За мгновенье перед выстрелом, пленный юноша-альбинос успел набрать в простуженные легкие январский воздух и крикнуть Ему в лицо:
– Анхра-Майнью!!!
Почему этот полупокойный, недоучившийся гимназист вспомнил перед гибелью имя зороастрийского бога Зла; бога, рожденного из тысячи имен давно забытых духов – злых духов грабежей, пожаров, сырого человеческого мяса, конских копыт, визга стрел и пьяной удалой наживы; духов, которые обитали в незапамятную эру брахманов на бесконечных просторах степей между Днепром и Волгой, Евфратом и Индом, а спустя тысячелетия напомнили о себе, подарив несчастному провинциальному археологу Хмаре его безумие и веру в них самих? У меня нет ответа на этот вопрос…

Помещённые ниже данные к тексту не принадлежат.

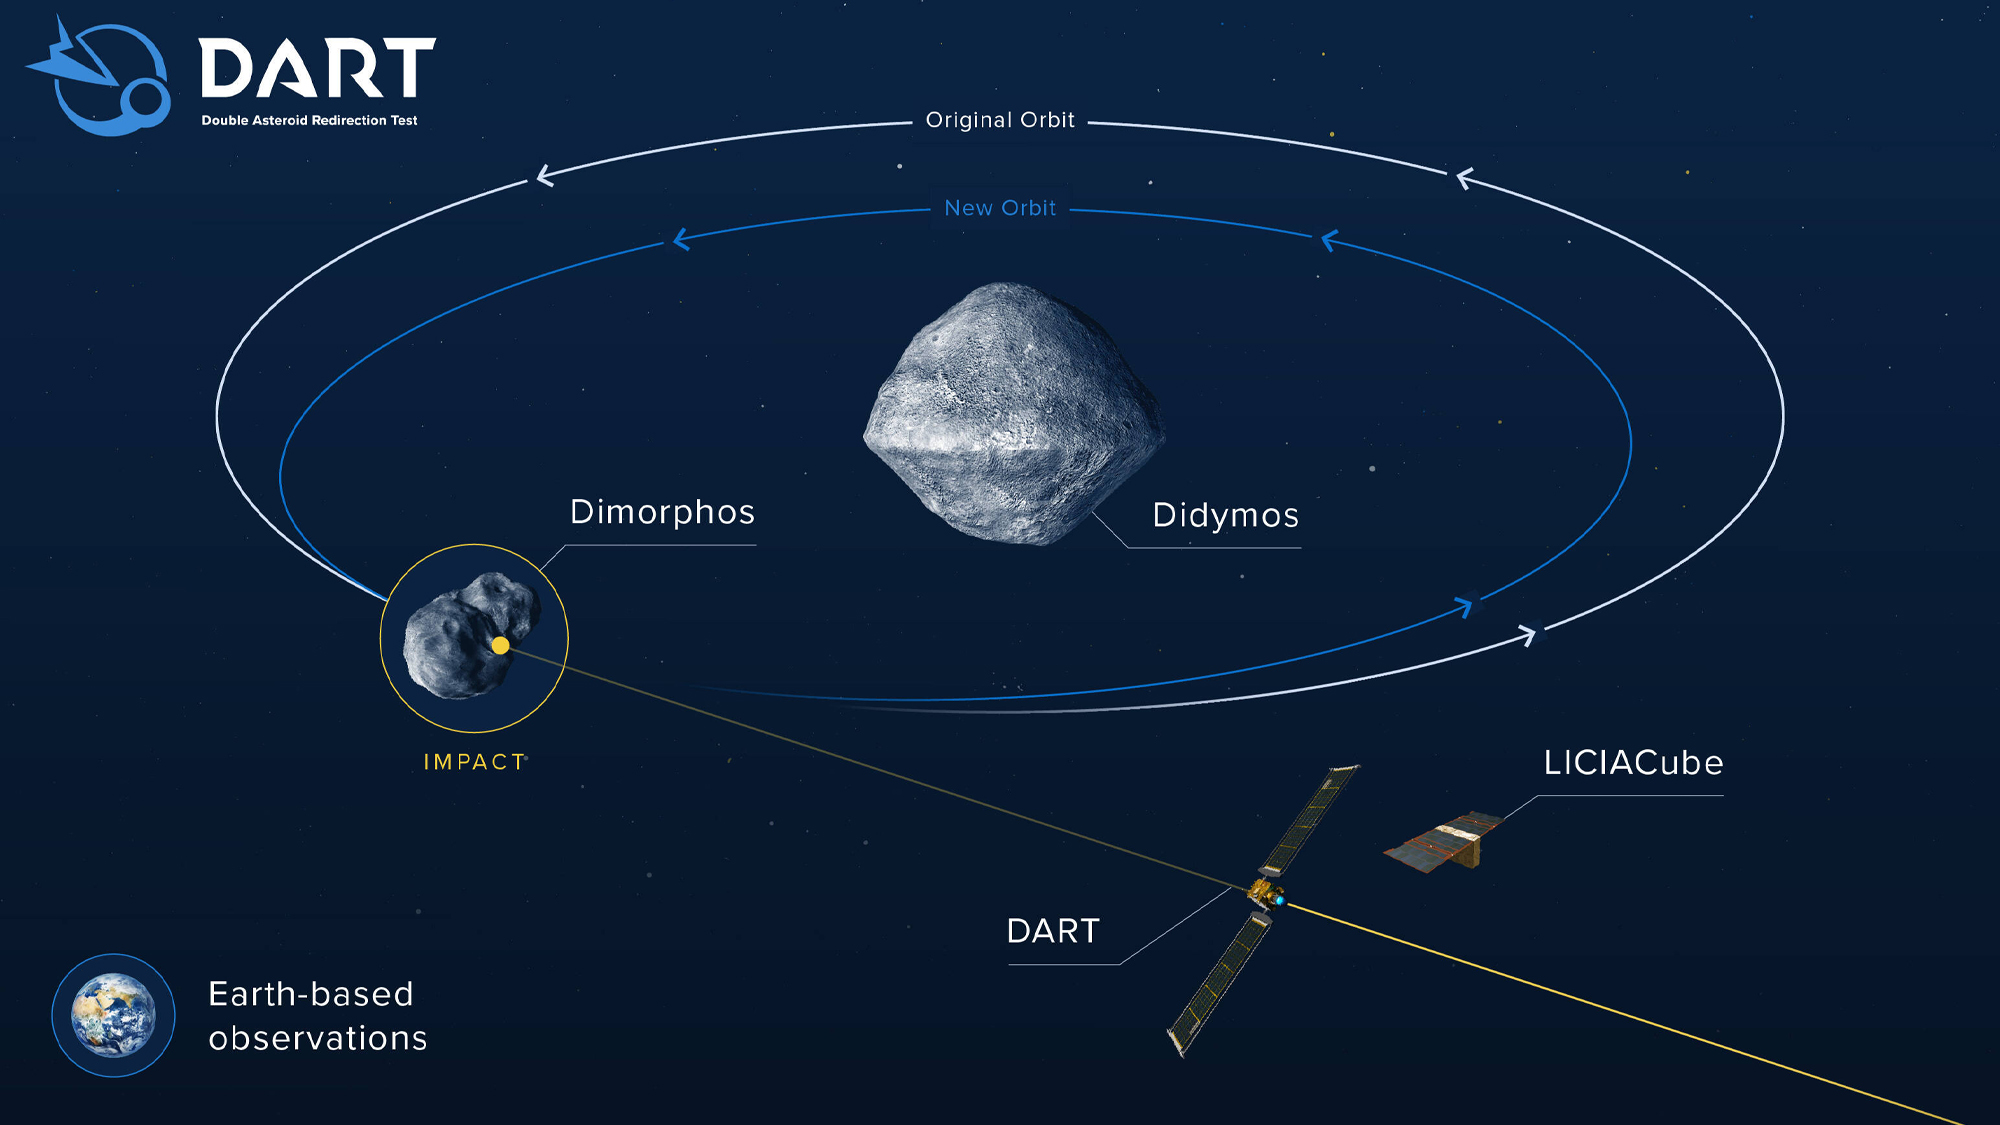 Choque de asteroides: por primera vez, la NASA prueba la defensa espacial contra la Tierra, poniendo en peligro los cuerpos celestes

Он стоял, опустив винтовку, и предсмертный крик альбиноса звучал у него в ушах, как зацикленный mpЗ-файл. Этот крик слышали все, кто играл в тот вечер в карты. И Он понял, что крик этот предназначался ему, и что это странное неславянское слово станет Его именем, ибо только смерть может наделять такой нелюдской силой слова и имена. Со смертью Он ничего не мог поделать. В ярости Он кинулся к трупу, попытался вырезать штыком язык альбиноса, и для этого ему пришлось разбить прикладом его левую челюсть, покрытую мягкой и белой щетиной…
Но было уже поздно…
Тем же вечером у костра кто-то в первый раз, поддразнивая, окликнул Его:
– Эй! Анархо-Мать! – именно так запомнили это странное слово махновцы.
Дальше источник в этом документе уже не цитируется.